I read this as saying that only the top node is unique. But it used to
be commonly understood as meaning that all nodes are unique, and that
is what is implemented in compiler/inst_match.m. Which is the correct
meaning of 'unique'?

I think it ought to mean just that the top node is unique. The
implementation change could be something as simple as the diff below
(not fully tested). The only purpose I can think of for the other
meaning of `unique' is as the mode for unsafe_promise_unique, but
maybe that's another thing better done with inst vars anyway:

:- pred unsafe_promise_inst(T::in, T::out(I)) is det.

Opinions?

Cheers,
Mark.

diff --git a/compiler/inst_match.m b/compiler/inst_match.m
index 8c551cc..075d464 100644
--- a/compiler/inst_match.m
+++ b/compiler/inst_match.m
@@ -700,9 +700,7 @@ inst_matches_initial_4(InstA, InstB, MaybeType, !Info) :-
InstB = ground(UniqB, none),
compare_uniqueness(!.Info ^ imi_uniqueness_comparison, UniqA, UniqB),
inst_results_bound_inst_list_is_ground_mt(InstResultsA, BoundInstsA,
- MaybeType, !.Info ^ imi_module_info),
- compare_bound_inst_list_uniq(!.Info ^ imi_uniqueness_comparison,
- BoundInstsA, UniqB, !.Info ^ imi_module_info)
+ MaybeType, !.Info ^ imi_module_info)
;
InstA = bound(Uniq, InstResultsA, BoundInstsA),
InstB = abstract_inst(_,_),
@@ -734,7 +732,7 @@ inst_matches_initial_4(InstA, InstB, MaybeType, !Info) :-
compare_uniqueness(!.Info ^ imi_uniqueness_comparison, UniqA, UniqB),
bound_inst_list_is_complete_for_type(set.init,
!.Info ^ imi_module_info, BoundInstsB, Type),
- ground_matches_initial_bound_inst_list(UniqA, BoundInstsB, yes(Type),
+ ground_matches_initial_bound_inst_list(shared, BoundInstsB, yes(Type),
!Info)
;
InstA = ground(UniqA, HOInstInfoA),
@@ -1168,9 +1166,7 @@ inst_matches_final_3(InstA, InstB, MaybeType, !Info) :-
InstB = ground(UniqB, none),
unique_matches_final(UniqA, UniqB),
inst_results_bound_inst_list_is_ground_mt(InstResultsA, BoundInstsA,
- MaybeType, !.Info ^ imi_module_info),
- bound_inst_list_matches_uniq(BoundInstsA, UniqB,
- !.Info ^ imi_module_info)
+ MaybeType, !.Info ^ imi_module_info)
;
InstA = ground(UniqA, HOInstInfoA),
InstB = any(UniqB, HOInstInfoB),
@@ -1184,7 +1180,7 @@ inst_matches_final_3(InstA, InstB, MaybeType, !Info) :-
unique_matches_final(UniqA, UniqB),
inst_results_bound_inst_list_is_ground_mt(InstResultsB, BoundInstsB,
MaybeType, ModuleInfo),
- uniq_matches_bound_inst_list(UniqA, BoundInstsB, ModuleInfo),
+ uniq_matches_bound_inst_list(shared, BoundInstsB, ModuleInfo),
(
MaybeType = yes(Type),
% We can only do this check if the type is known.

Zoltan Somogyi

2014-10-25 05:20:52 UTC

Permalink

Post by Mark Brown
I think these "bogus" constructors are really useful for foreign types
that act as containers for Mercury terms, of which arrays are one
example, so I don't agree with disallowing them entirely as is
suggested in that thread.

I have long thought that having insts that are not bound to a specific type
is a bad idea. I would even support a change in the language to require
each inst definition to say what type it is for.

Post by Mark Brown
So can bogus constructors be made a formal part of the language?

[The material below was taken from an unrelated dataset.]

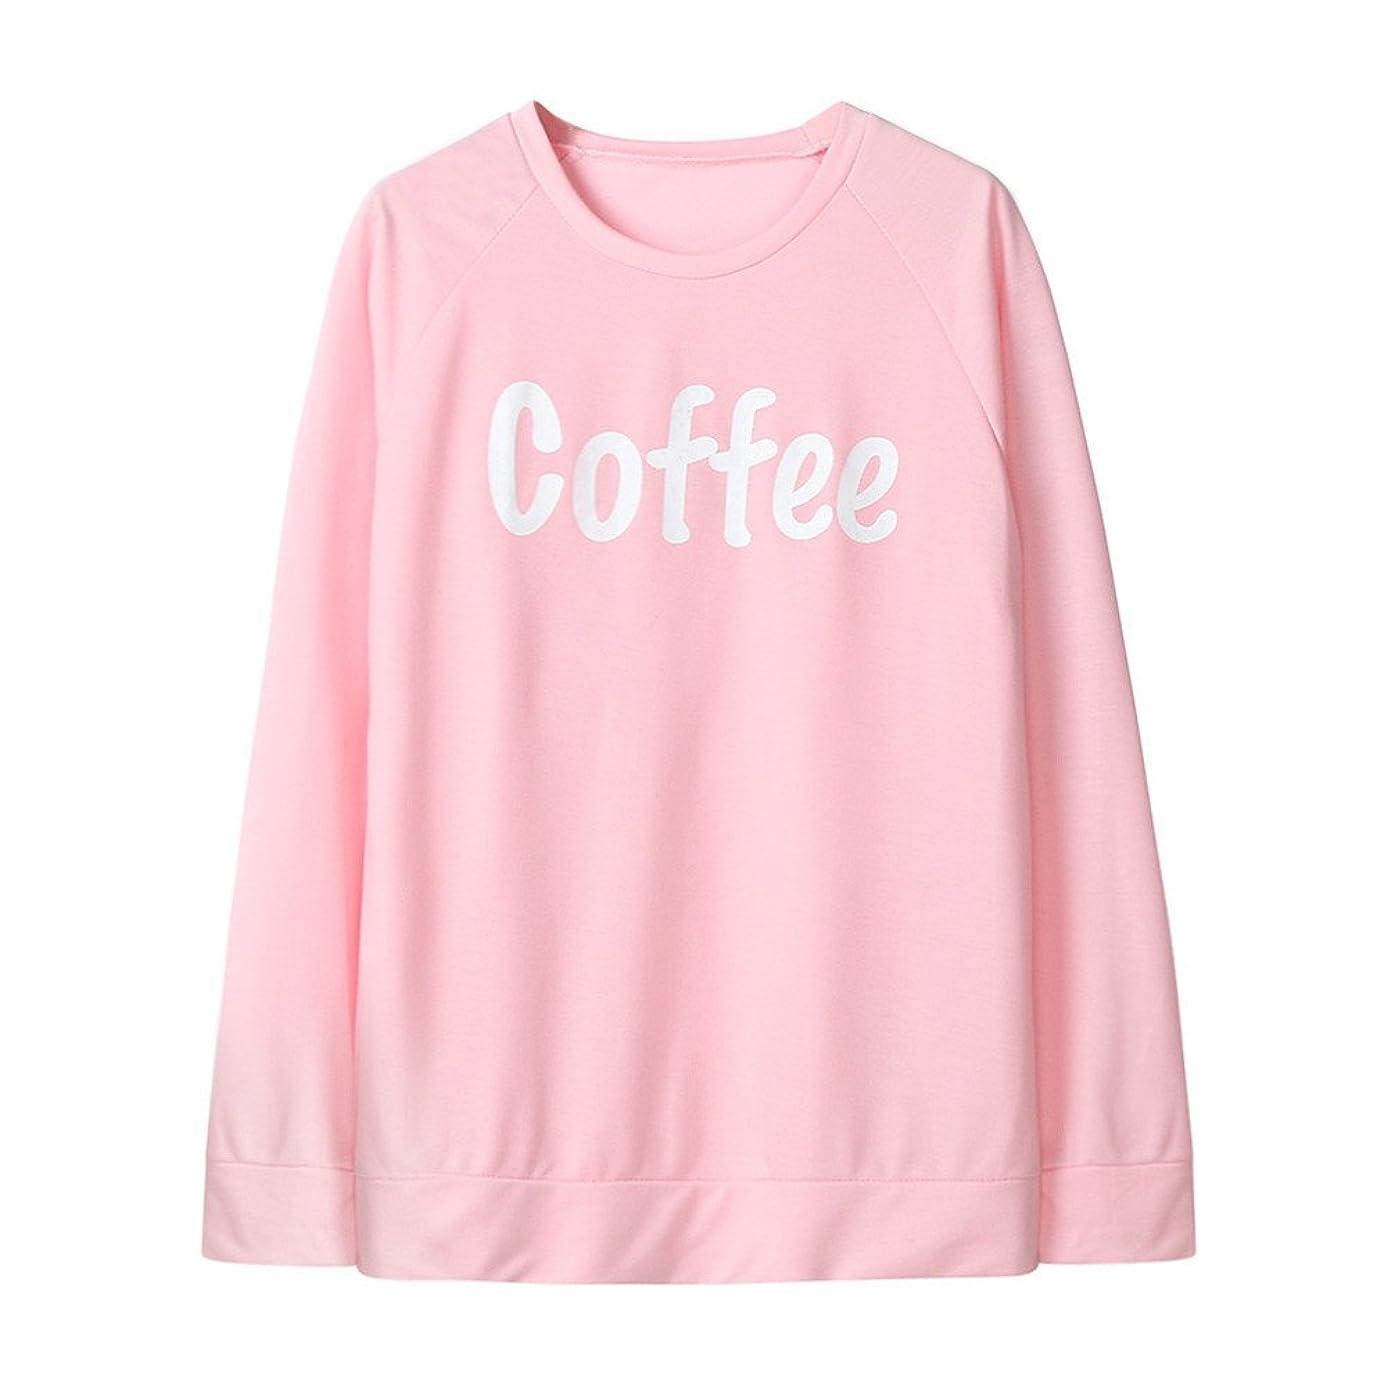 Hanican Mom & Me Women Baby Kid Girls Coffee Milk Print Sweatshirt Long Sleeve Tops Cute Family Matching Clothes
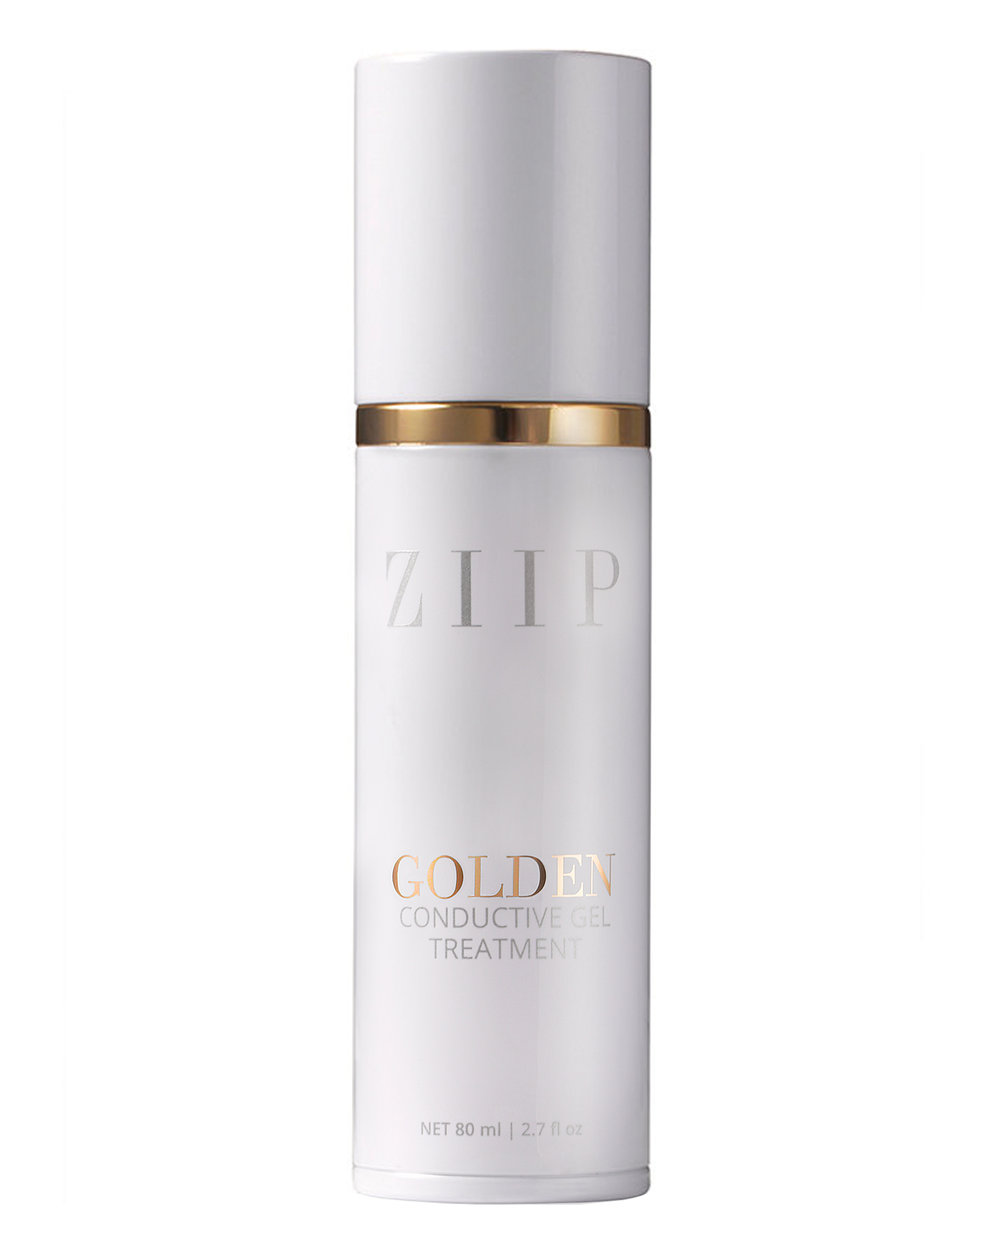 zip002_ziip_goldenconductivegel-treatment_1_1560x1960-x9z79.jpg

I would need to see a more compelling use case than this.

Post by Mark Brown
Excellent point. Although, as Zoltan explained, the mode is correct,
this interface is simply not suitable for arrays of arrays or other
unique terms, for the reasons you mention.

Arrays of unique terms and N-dimensional arrays for N>1 may look like
they have similar requirements, but they don't. For one thing, operations
on array slices apply only to the latter.

There are several languages out there that have only 1D arrays,
and implement 2D, 3D etc arrays as nested 1D arrays. Depending
on the language, these usually have problems such as

- dictating implementation choices (e.g. dope vectors), which often
turn out to be unsuited to high performance on modern hardware,

- posing semantic problems, such as an inability to ensure that
different rows have the same number of columns.

Post by Mark Brown
I would suggest adding appropriate support for arrays of arrays as
soon as possible, even though it isn't needed in practice right away.

We already have array2d.m in the library. If it is missing some
functionality you need, adding it to array2d.m to should be simpler
than using nested 1D arrays. Similarly, I wouldn't object to adding
array3d.m., if needed.

Post by Mark Brown
Talking of inst 'unique', it seems to be confusing whether this refers
a term whose nodes are all unique, or a term whose top node is unique
Mercury also provides “unique” insts ‘unique’ and ‘unique(…)’ which are like
‘ground’ and ‘bound(…)’ respectively, except that they carry the additional
constraint that there can only be one reference to the corresponding value.
I read this as saying that only the top node is unique. But it used to
be commonly understood as meaning that all nodes are unique, and that
is what is implemented in compiler/inst_match.m. Which is the correct
meaning of 'unique'?
I think it ought to mean just that the top node is unique.

You can control what goes into the manual, but you cannot control
how people speak. Even the same person will often use "unique"
to mean different things in different contexts.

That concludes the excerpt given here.